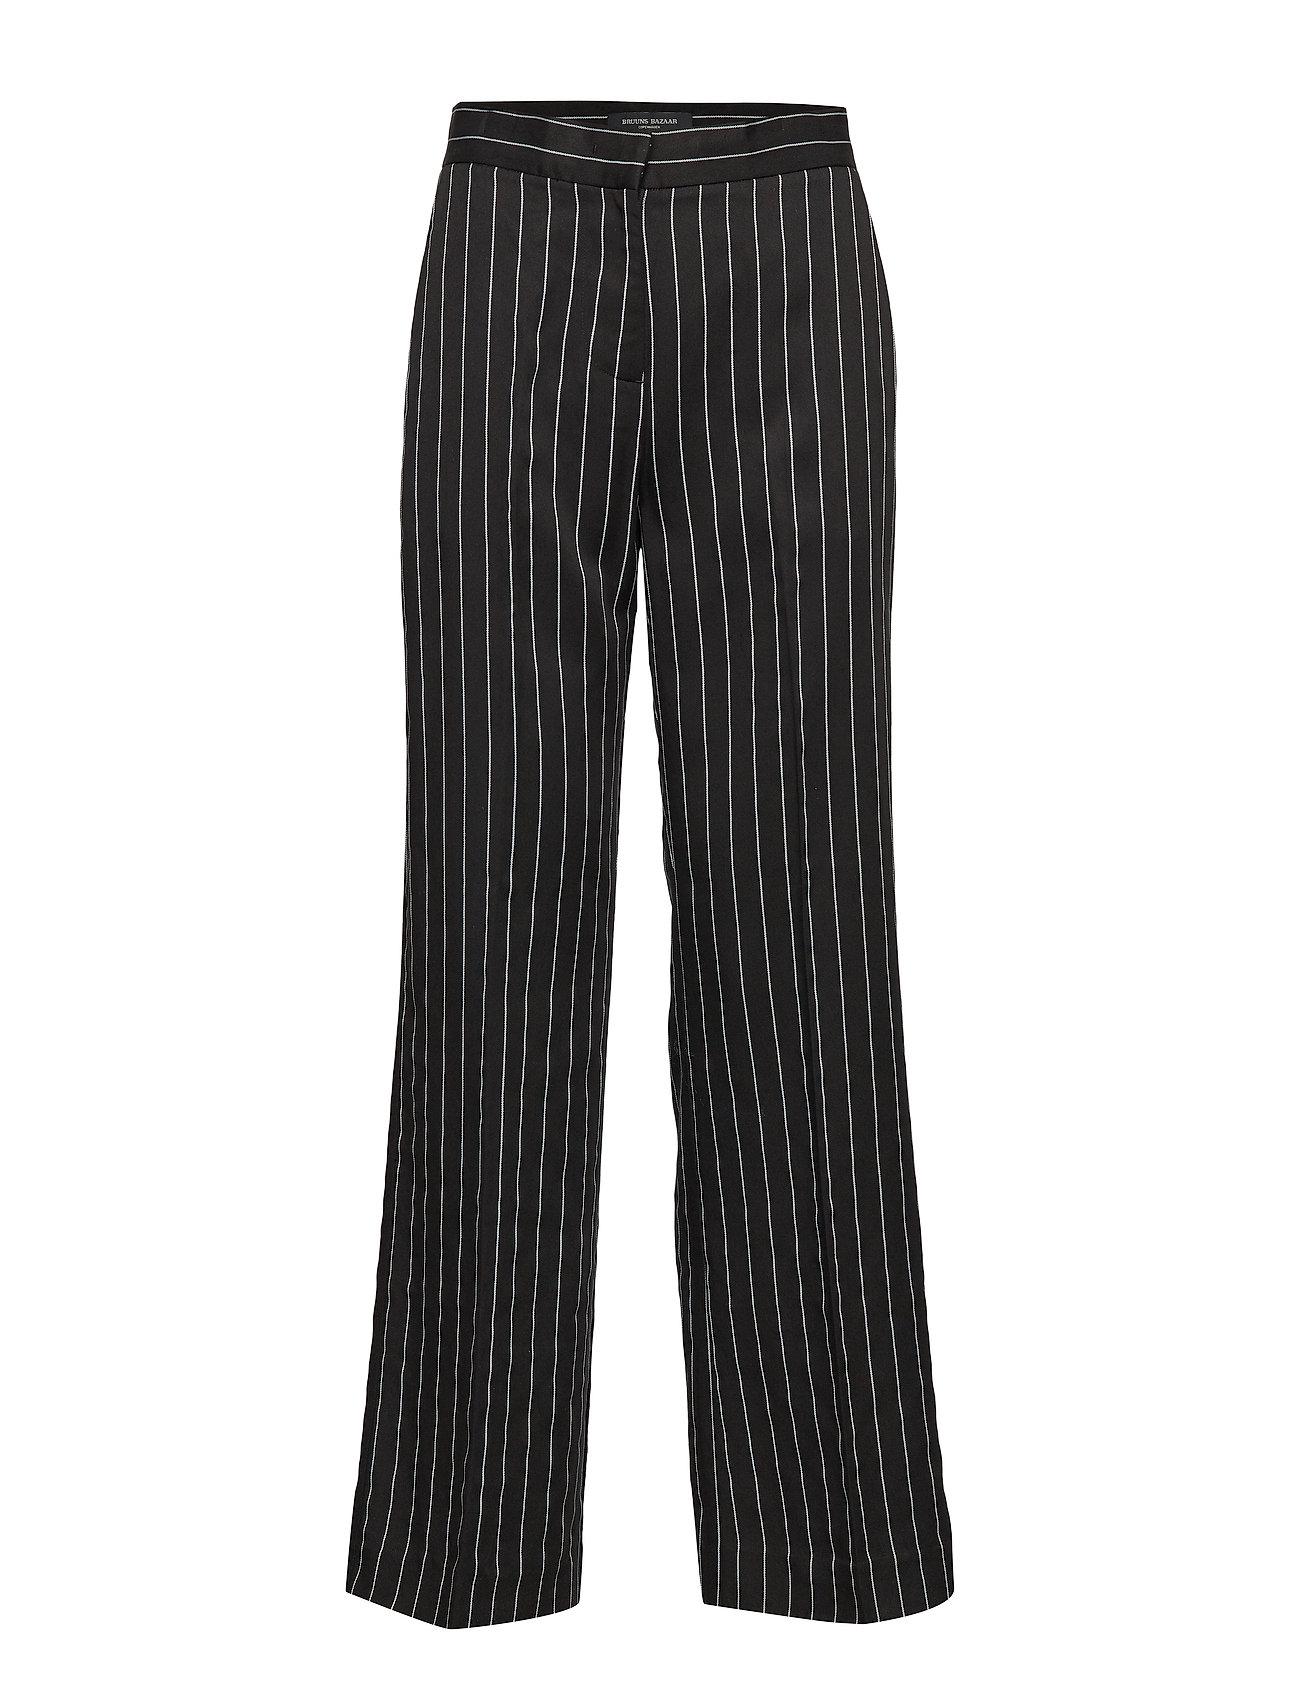 Bruuns Bazaar Brisa Catrine Pant - BLACK/WHITE
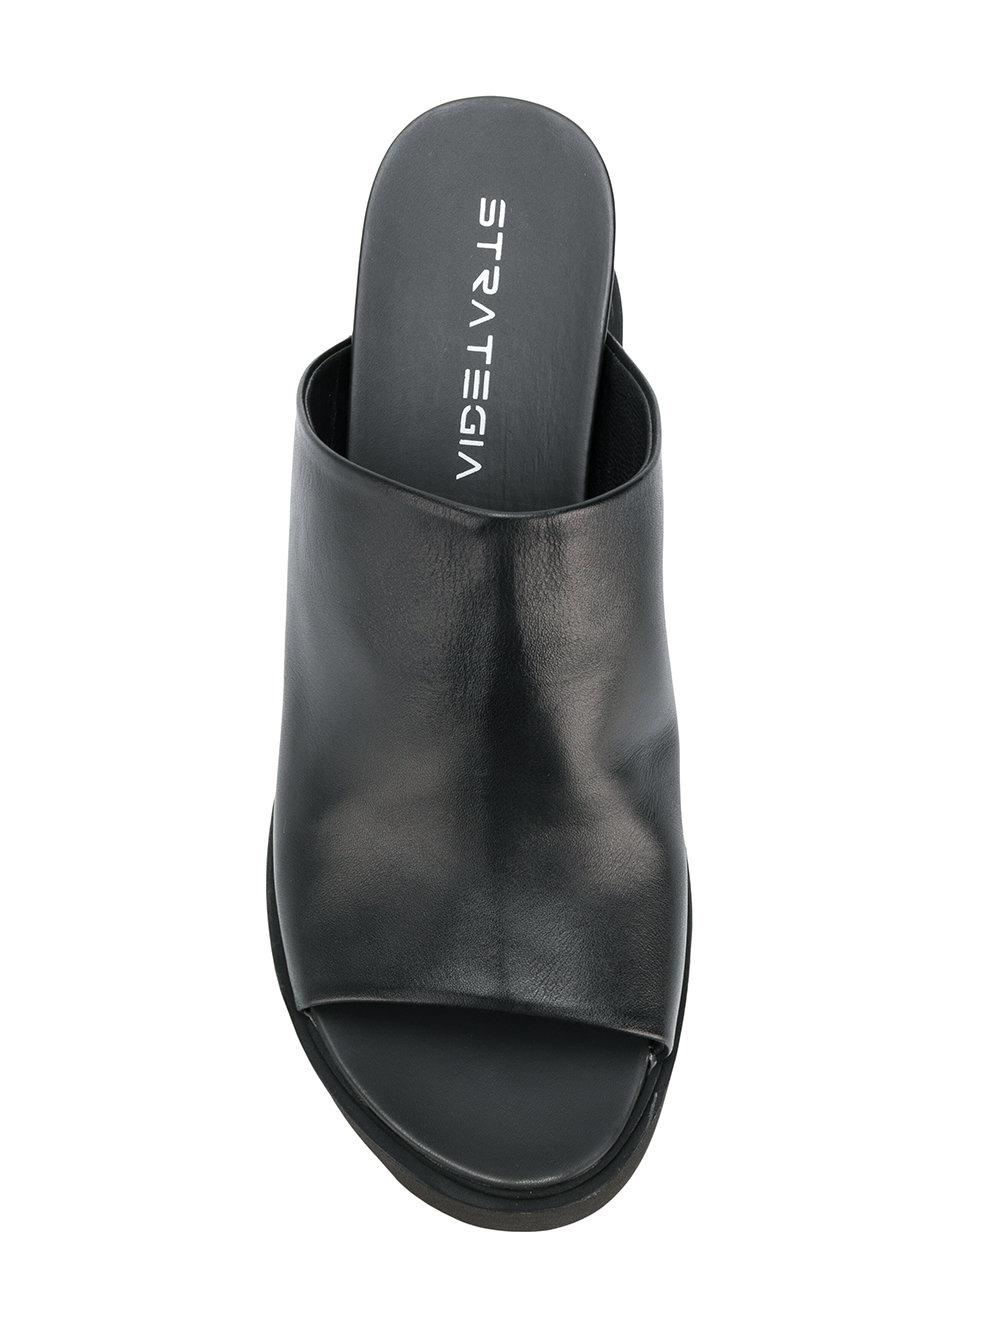 sling-back open-toe sandals - Black Strategia 62vi5
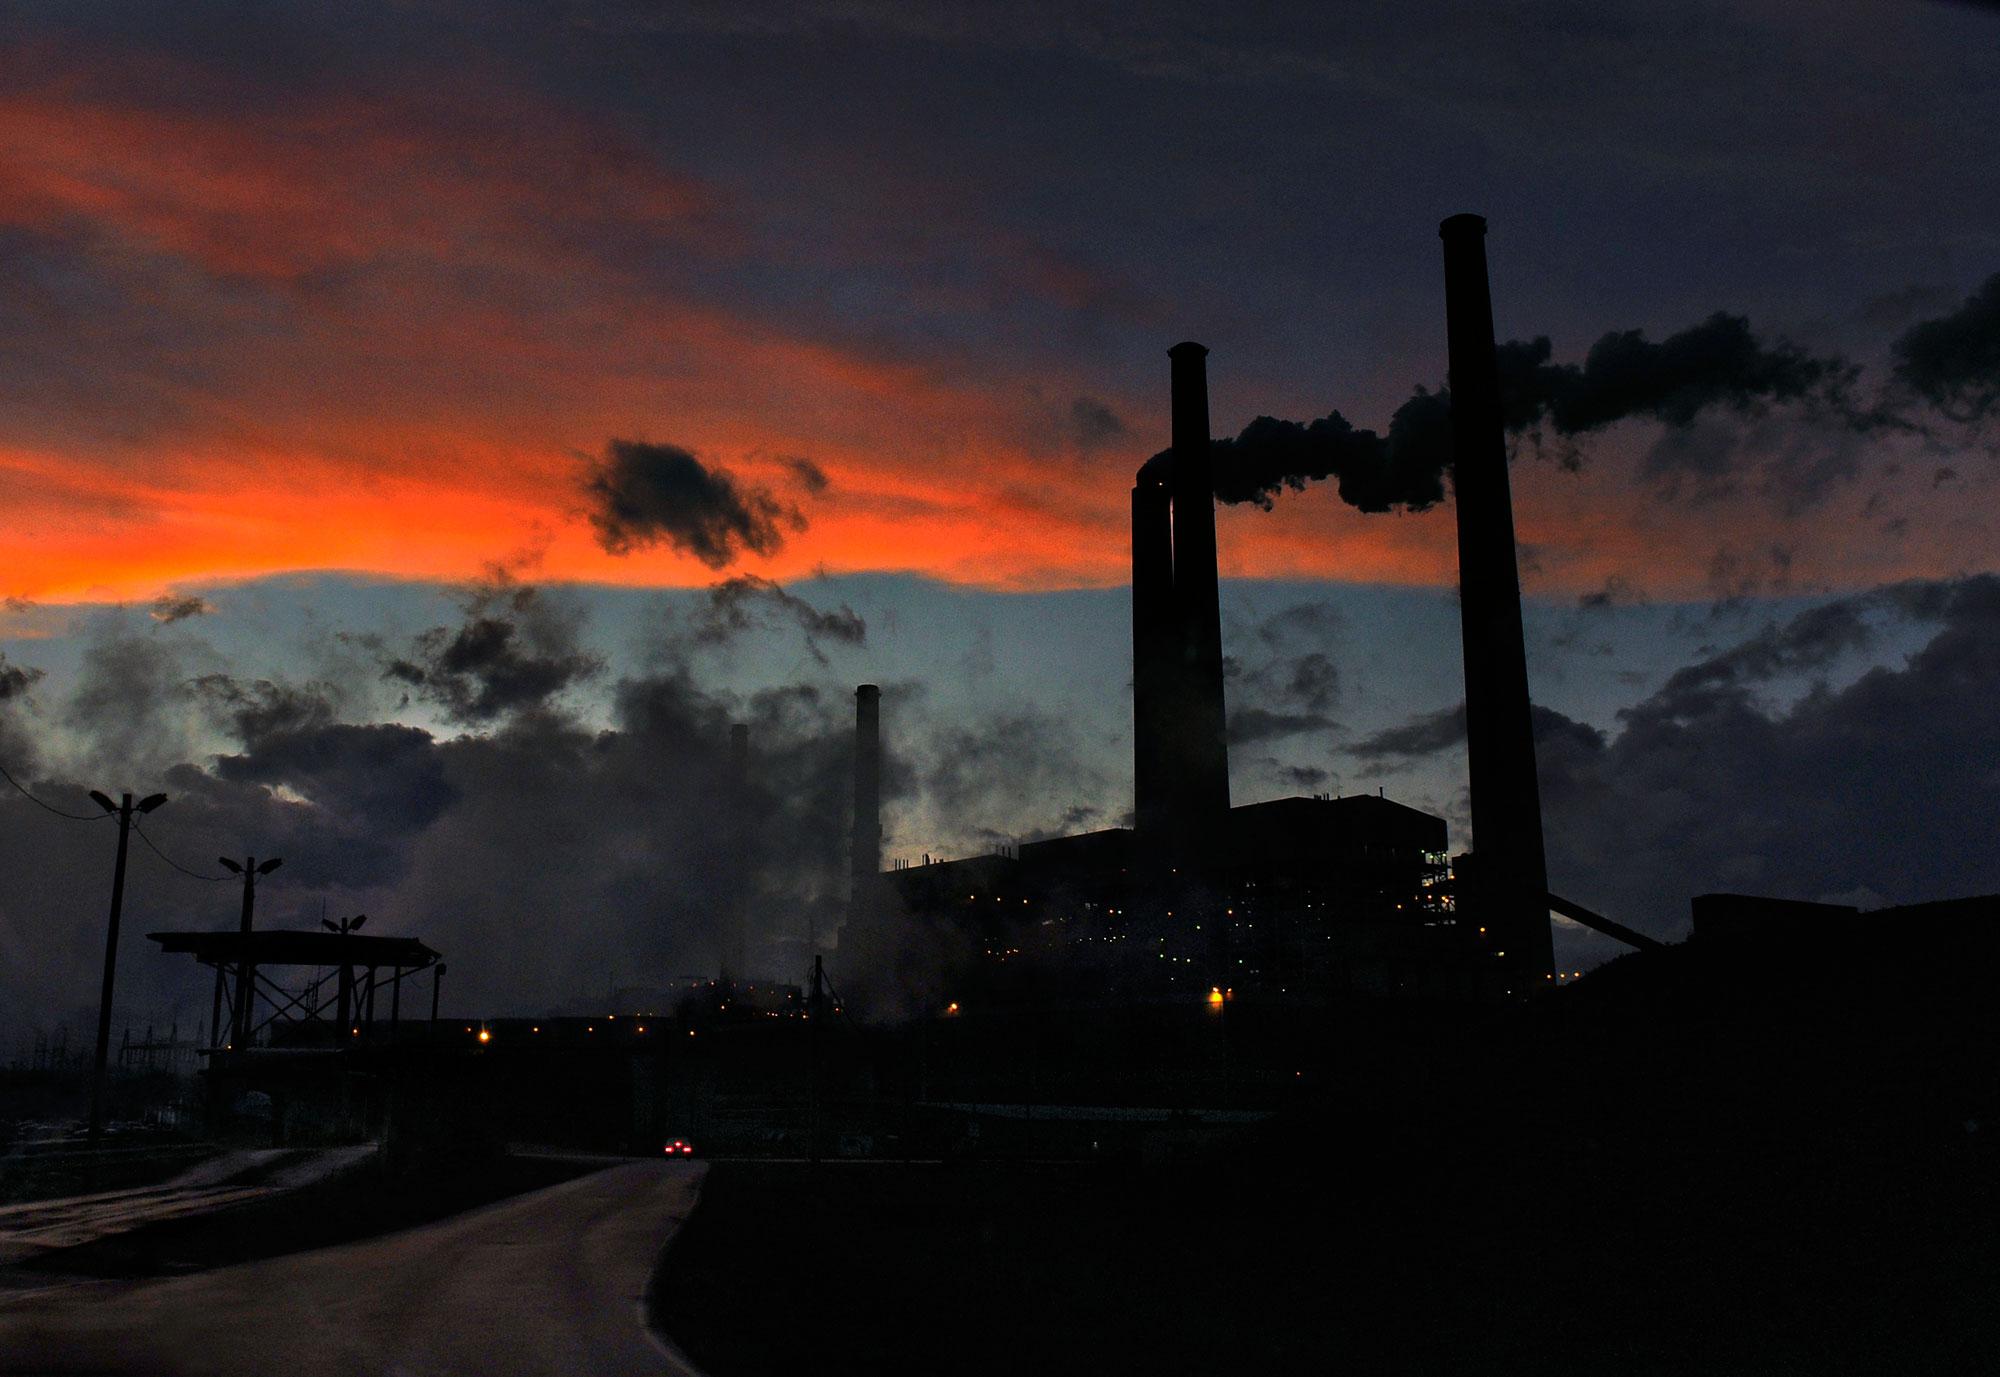 Clean Air Regulations Impact Coal Burning Plants
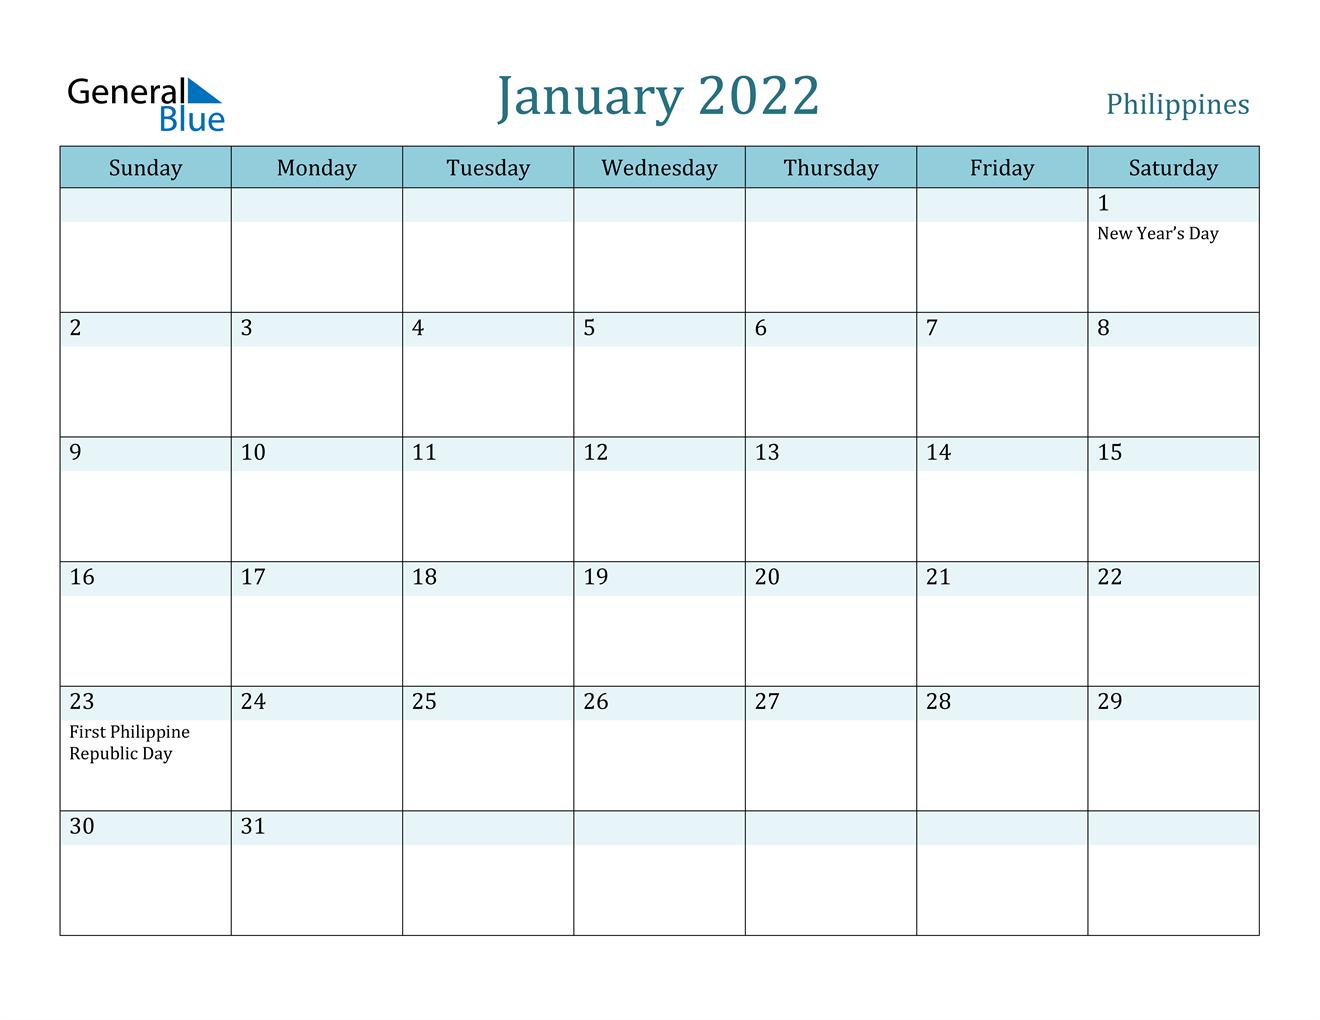 January 2022 Calendar - Philippines Intended For Printable Calendar January 2022

§ **REQUIRED ACTION**: Each line from the one that holds "Clean Air Regulations" through the end of the material should be repeated exactly, and nothing more. Leave out any picture.

§ **SOLUTION FOR THIS PROBLEM**:
 Clean Air Regulations Impact Coal Burning Plants
 January 2022 Calendar - Philippines Intended For Printable Calendar January 2022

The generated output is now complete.